Because I’ve noticed that in several different topics and in several different categories, the subject of healing trauma has come up numerous times, I thought I would open this as a new topic, so suggestions/resources can be easily found in one place.
I do not know Peter A. Levine, PhD, nor am I associated with his organization in any way. But I do subscribe to his method of addressing trauma. Much trauma healing is based on “exposure therapy,” which involves recalling, re-living, and re-telling the content of the trauma. Done incrementally, this can be useful in that physical and emotional tension are defused and eased over time,
However, Levine’s method, “Somatic Experiencing” (registered trademark), works directly with the body and the arousal cycles in the nervous system. Per the website, https://traumahealing.org/about-us, his method addresses both “acute stress from a perceived life-threat, or…the end product of cumulative stress,” (the corrosive stressors of ongoing fear and conflict). This method “facilitates completion of self-protective motor responses and the release of thwarted survival energy bound in the body.”
I particularly like this YouTube video entitled “Nature’s Lessons in Healing Trauma: An Introduction to Somatic Experiencing.” https://www.youtube.com/watch?v=nmJDkzDMIIc. It is 27 minutes long, so allow some time. It contains vivid video of animals in the wild dealing with threat and experiencing the same nervous system arousals–fight, flight, fear/immobility (freeze)–as do humans.
The video also contains an example of Levine’s somatic experiencing work with a veteran from the Iraq war, illustrating how the nervous system’s natural “threat response” does not get completed in many traumatic experiences, thus energy gets “stuck” in the body at a particular point in the threat response cycle, and can subsequently be easily ‘triggered’ in the future, or turn into various involuntary motor responses.
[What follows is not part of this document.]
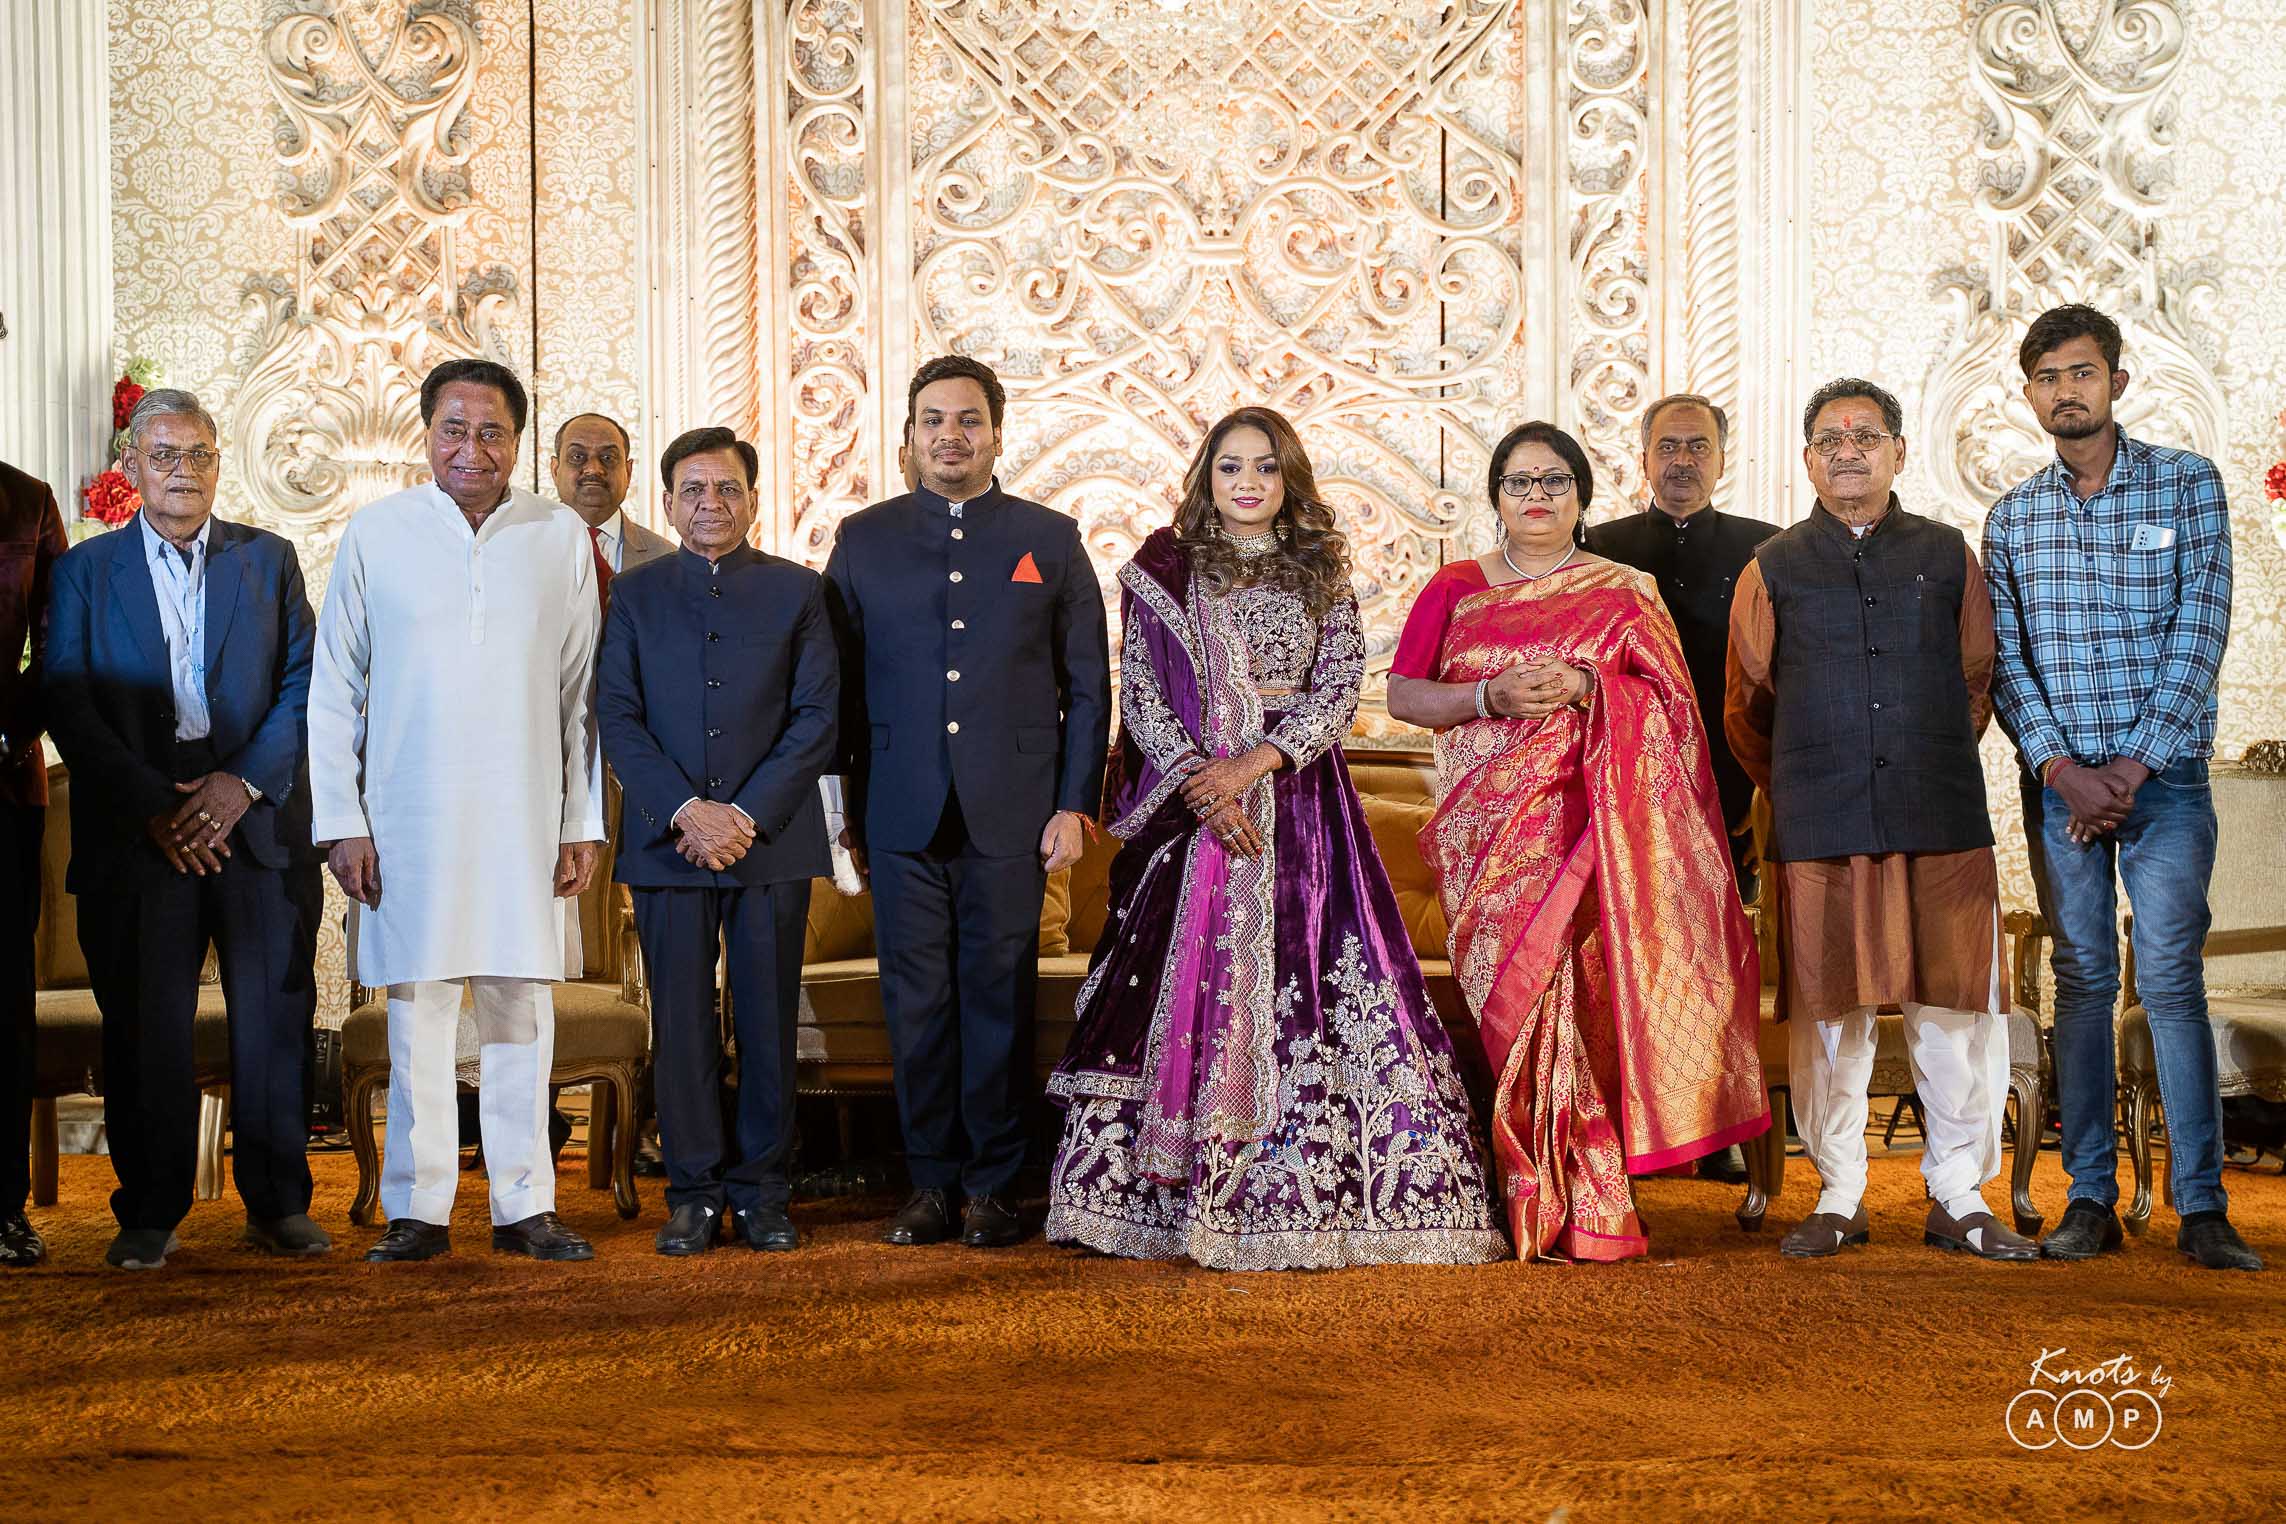 Grand-Wedding-at-Noor-Sabah-Palace-Bhopal-92-of-96

While talk therapy can be good, sometimes if the trauma is not addressed at its source in the body’s nervous system, emotional/psychological therapy will be less than successful.
Finally, this site, https://sepractitioner.membergrove.com, allows you to search for a practitioner/therapist trained in somatic experiencing. Plug in a zip code and possibly the speciality–everything from military trauma to childhood abuse to sexual assault to LGBT issues to the trauma of homelessness, and more–and it will tell you if there are somatic experiencing practitioners in your area.
(Addendum: Someone has reported being unable to get to the YouTube video “Nature’s Lessons In Healing Trauma” by using the link I provided. If that’s a problem for anyone else, just go to YouTube and enter in Search that title, and that should get you there.)